**INPUT DATA**
[Start of section]
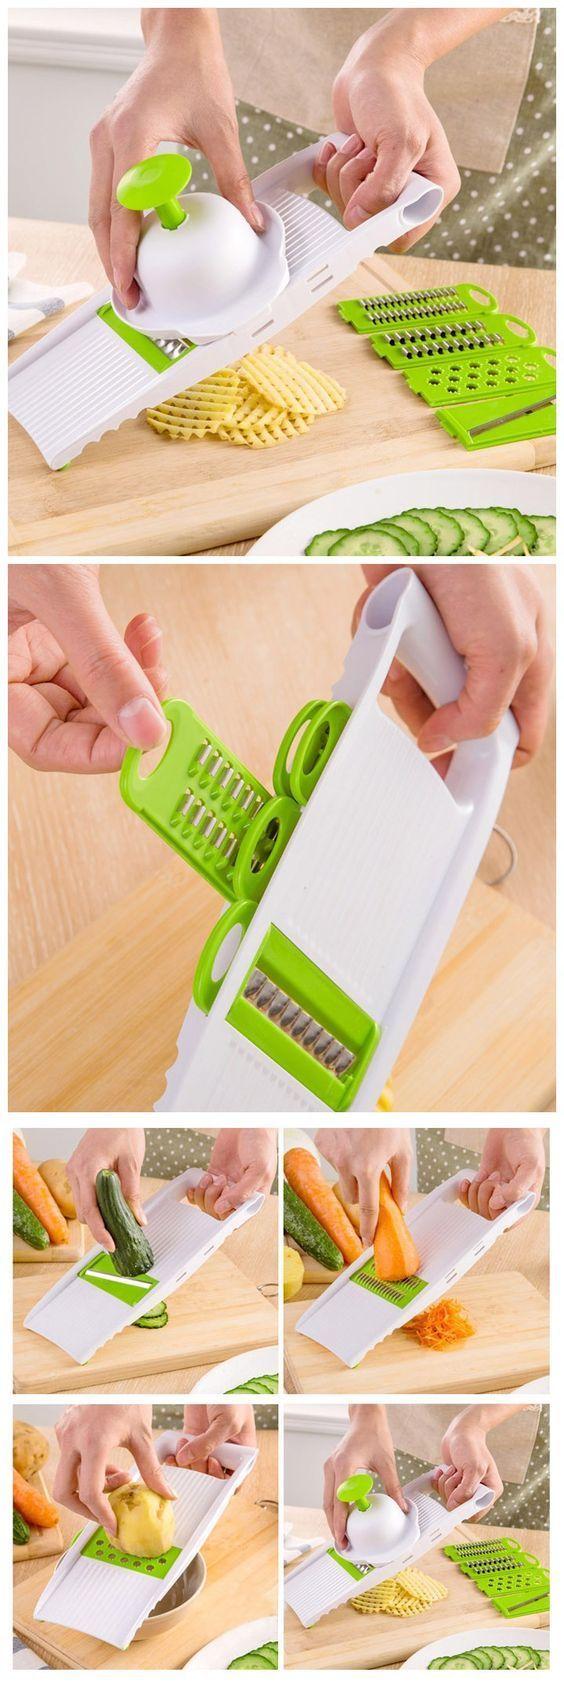 Practical Fruit Vegetable Cutter Kit // 5PCS
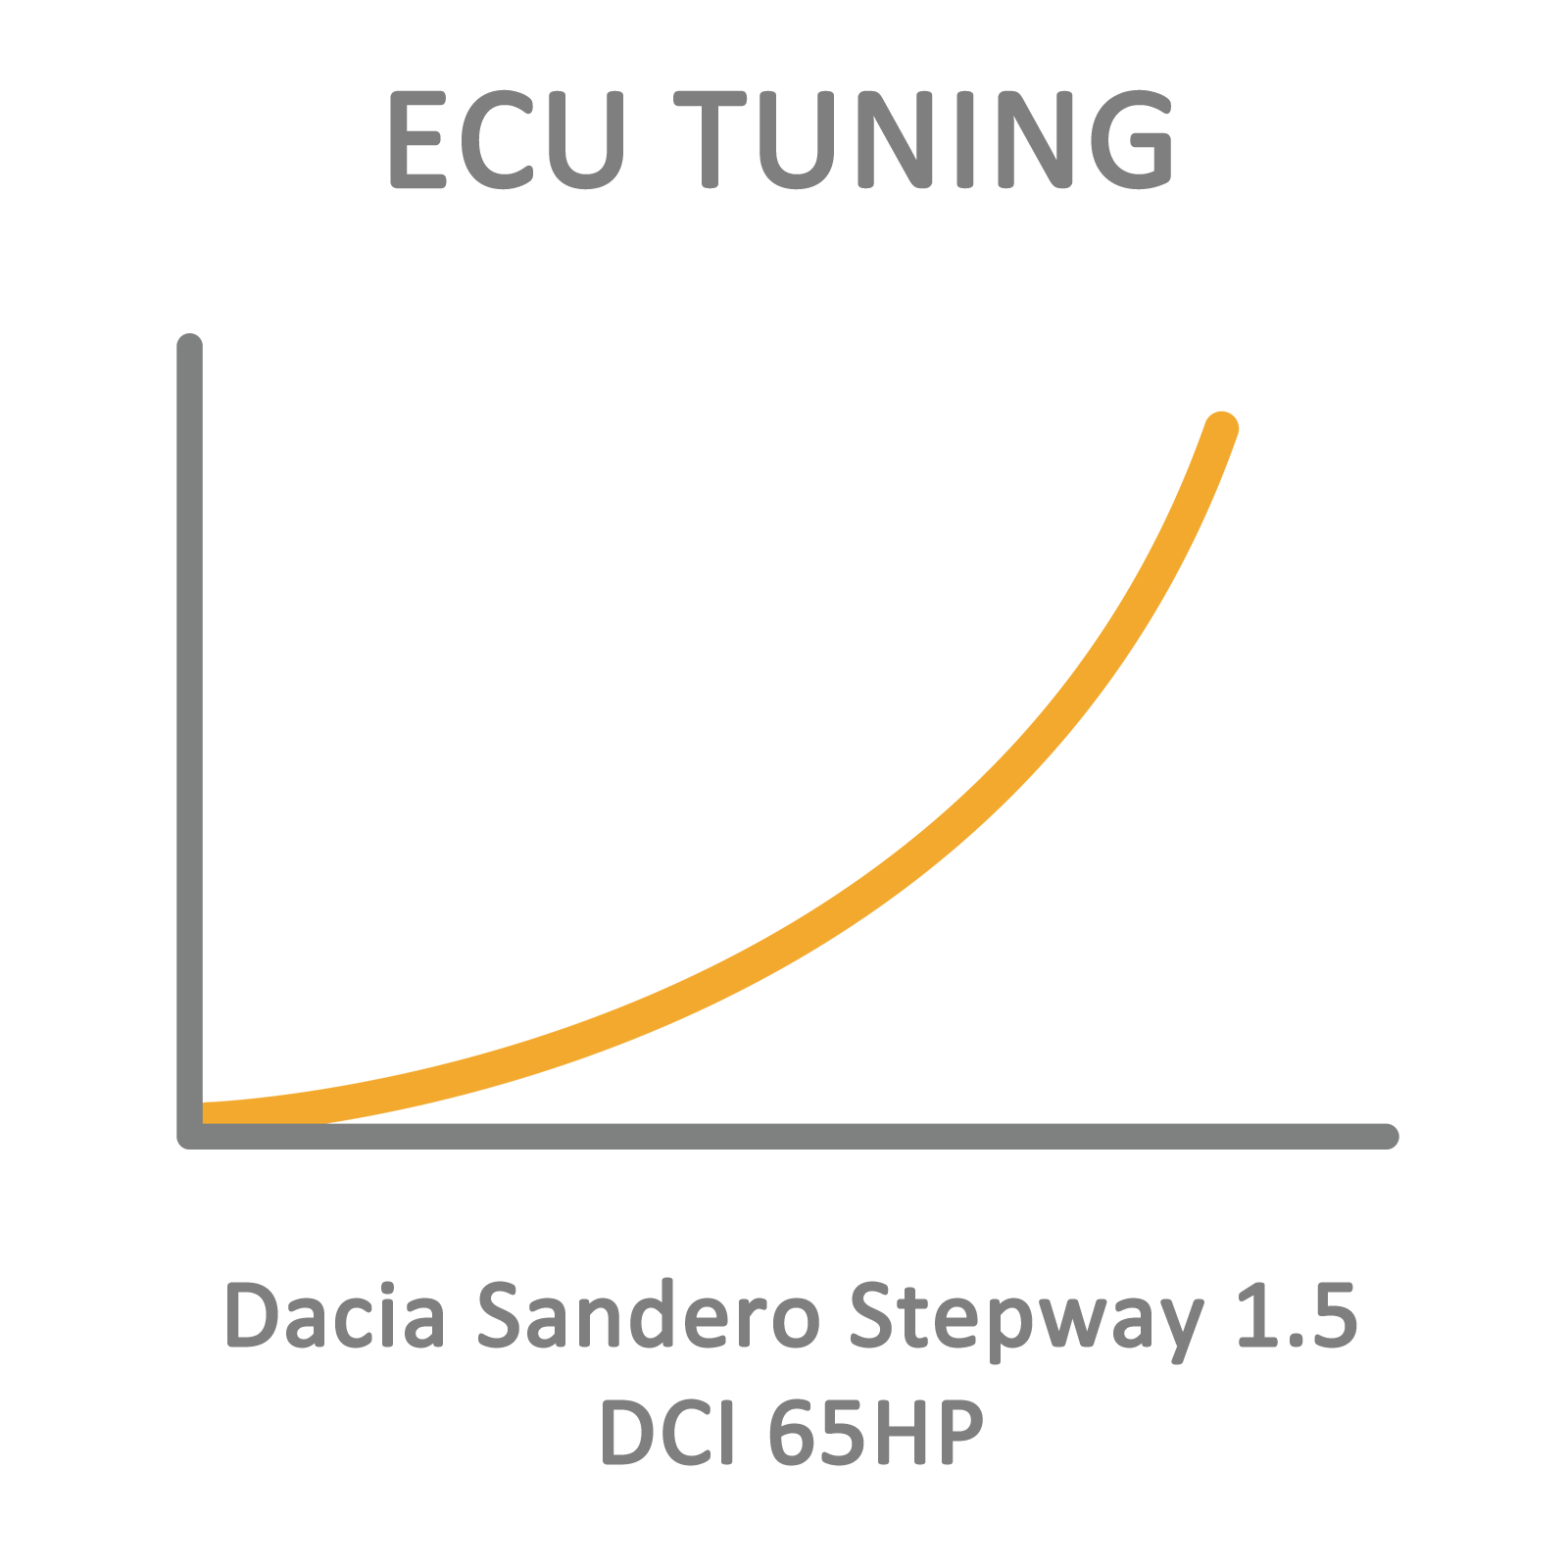 Dacia Sandero Stepway 1.5 DCI 65HP ECU Tuning Remapping
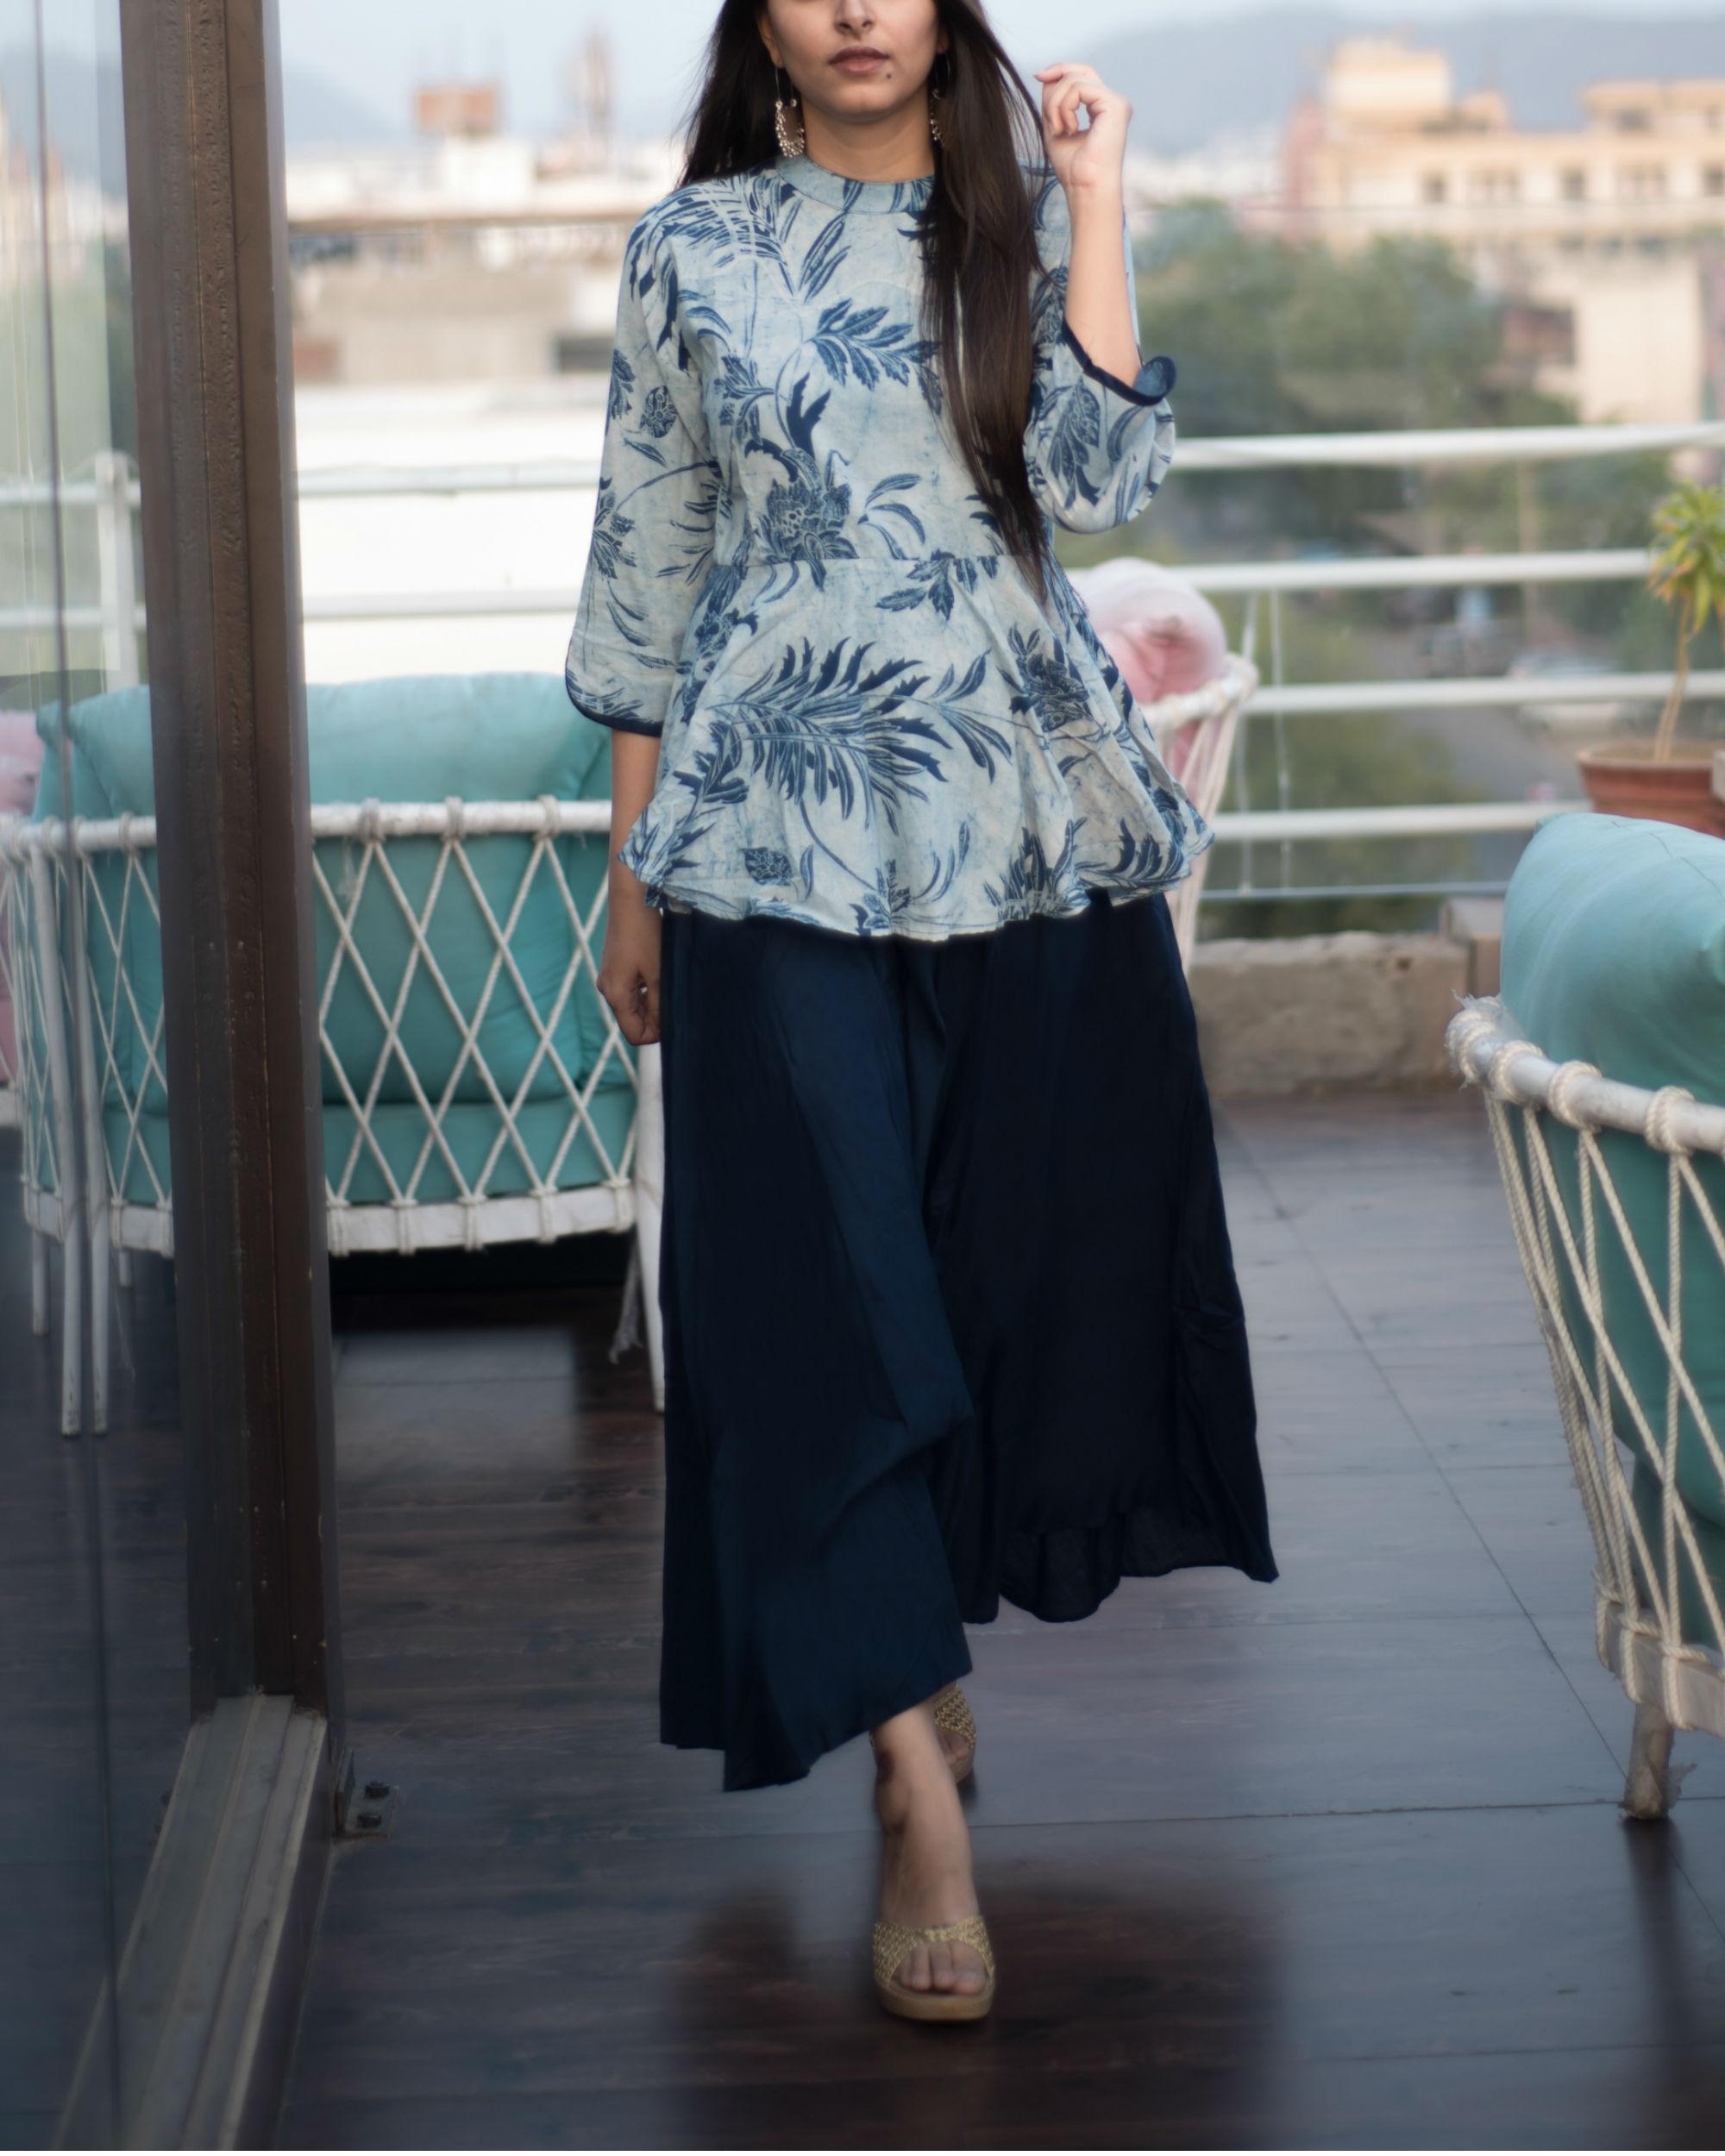 fbdbbe935387e Indigo blue peplum dress by Label Harsha Khatry
[End of section]
**TASK TO CARRY OUT**
Copy the whole listing exactly, excluding the pictures in it.

**PROBLEM SOLUTION**
 Practical Fruit Vegetable Cutter Kit // 5PCS
 Dacia Sandero Stepway 1.5 DCI 65HP ECU Tuning Remapping
 fbdbbe935387e Indigo blue peplum dress by Label Harsha Khatry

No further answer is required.